Don't overclaim that no Jew ever revered the righteous dead — grave-visiting and "merit of the fathers" piety did exist and grew stronger in later, medieval Judaism. Conceding that costs you nothing, because their argument needs the belief to be (1) early, (2) about invocation, (3) settled, and (4) binding on Christians — and it is none of those. Granting the small, true thing while denying the four things they actually need makes you look fair and makes them look like they're stretching.

The one-liner to close it

"You've shown that visiting graves was common — not that praying to the dead was, since the text describes neither invocation nor agreement about what the ritual meant; its own two-sided dispute proves the meaning was contested, the Torah's ban on inquiring of the dead proves it was opposed, and even a universal Jewish custom wouldn't bind Christians, since Christ Himself overturned common, unopposed Pharisaic traditions by the authority of Scripture."

It proves that some rabbis in the Talmud believed this, but it does not prove that this was biblical Judaism, nor does it prove that first-century Jews or Christians practiced it.

Notice several things:

1. The Talmud records a disagreement.

One rabbi says: "We go to the cemetery because we are like dead men before God." Another rabbi says: "We go so the dead will ask mercy for us." The Talmud does not present both as true.
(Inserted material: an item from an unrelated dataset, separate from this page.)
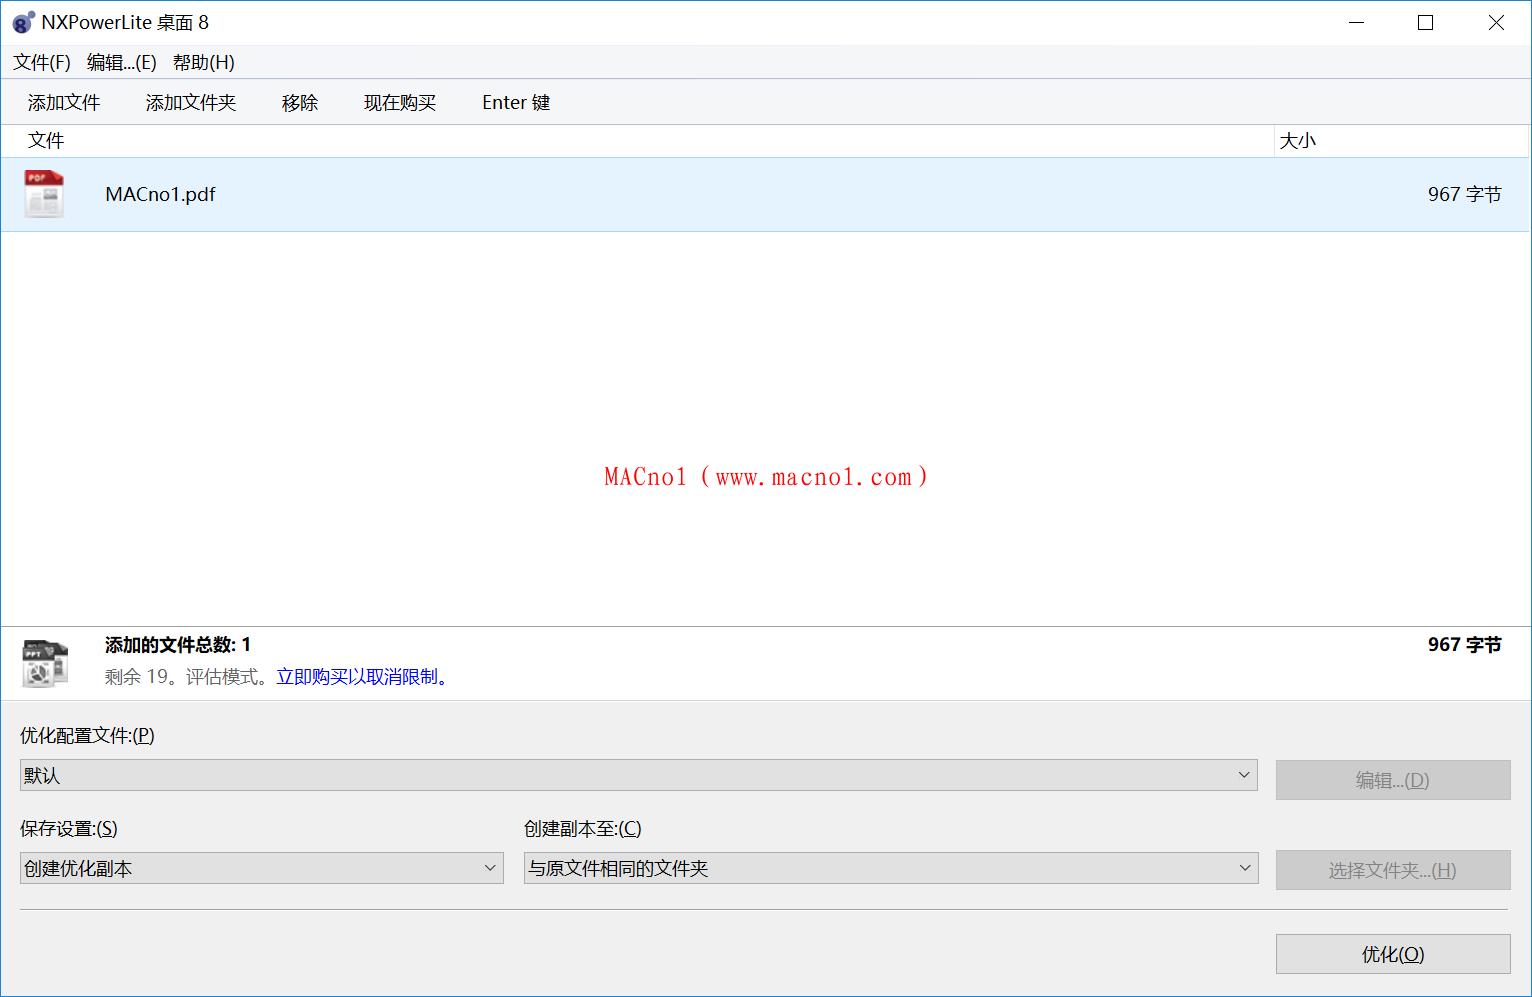 NXPowerLite Desktop 8.png
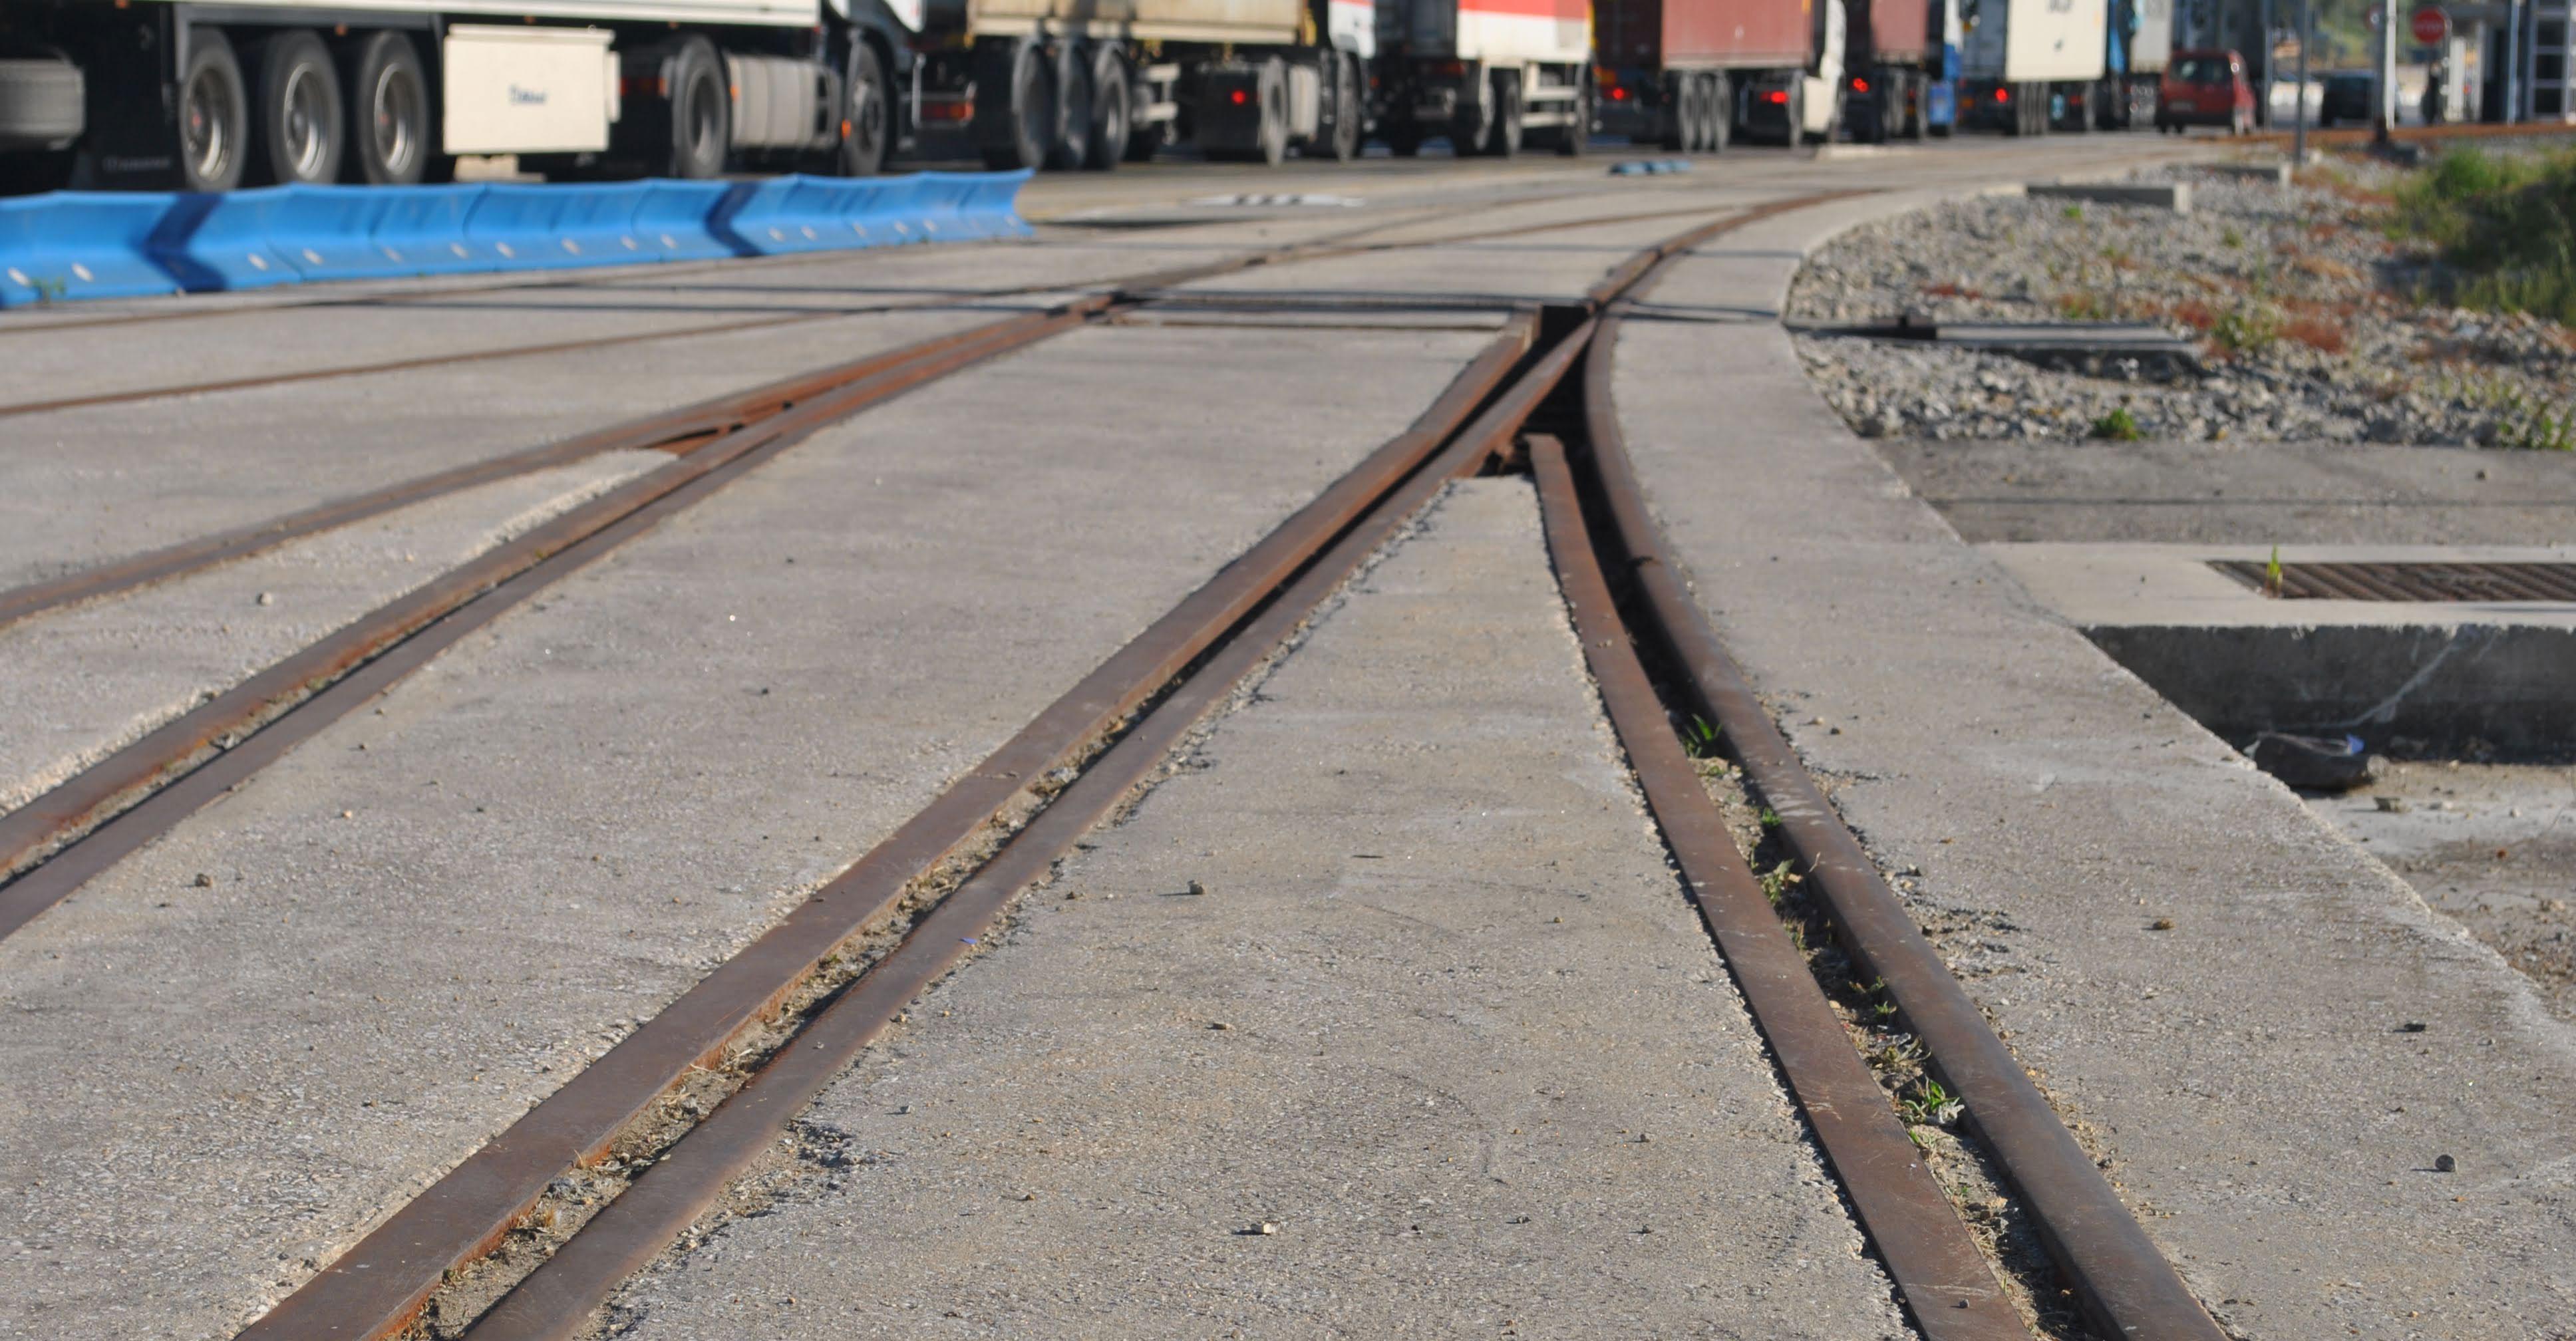 Adif adjudica el suministro de balasto para el mantenimiento de la red ferroviaria por más de 29 M€

It records two explanations.

2. The prayer is still directed to God.

Even in the second view, the text does not show people praying to the dead. The idea is that the deceased pray to God on behalf of the living.

3. The Talmud was compiled centuries after Christ.

The specific rabbis quoted in Ta'anit 16a, such as Rabbi Levi bar Ḥama and Rabbi Ḥanina, lived around the 3rd–4th centuries AD, so the discussion itself is at least that late. Even if it reflects older traditions, it is not evidence that the apostles taught the practice.

COUNTER ARGUMENT

Catholics/Orthodox: "The Talmud may preserve traditions older than its final compilation."

It might be possible, but then the burden is on you to demonstrate that this specific tradition goes back to the Second Temple period and was accepted by Jesus, the apostles, or the early church. The passage itself does not establish that.

FLAWS

The teachers didn't even agree, so it's not a real rule. Two rabbis gave two different reasons for the graveyard visit, and the first one had nothing to do with the dead helping at all. You can't establish a doctrine on just half of an argument. If this text "proves" the dead pray for us, it just as much records a rabbi who said the whole thing was only about acting humble before God. Which rabbi are we supposed to follow, and who says so?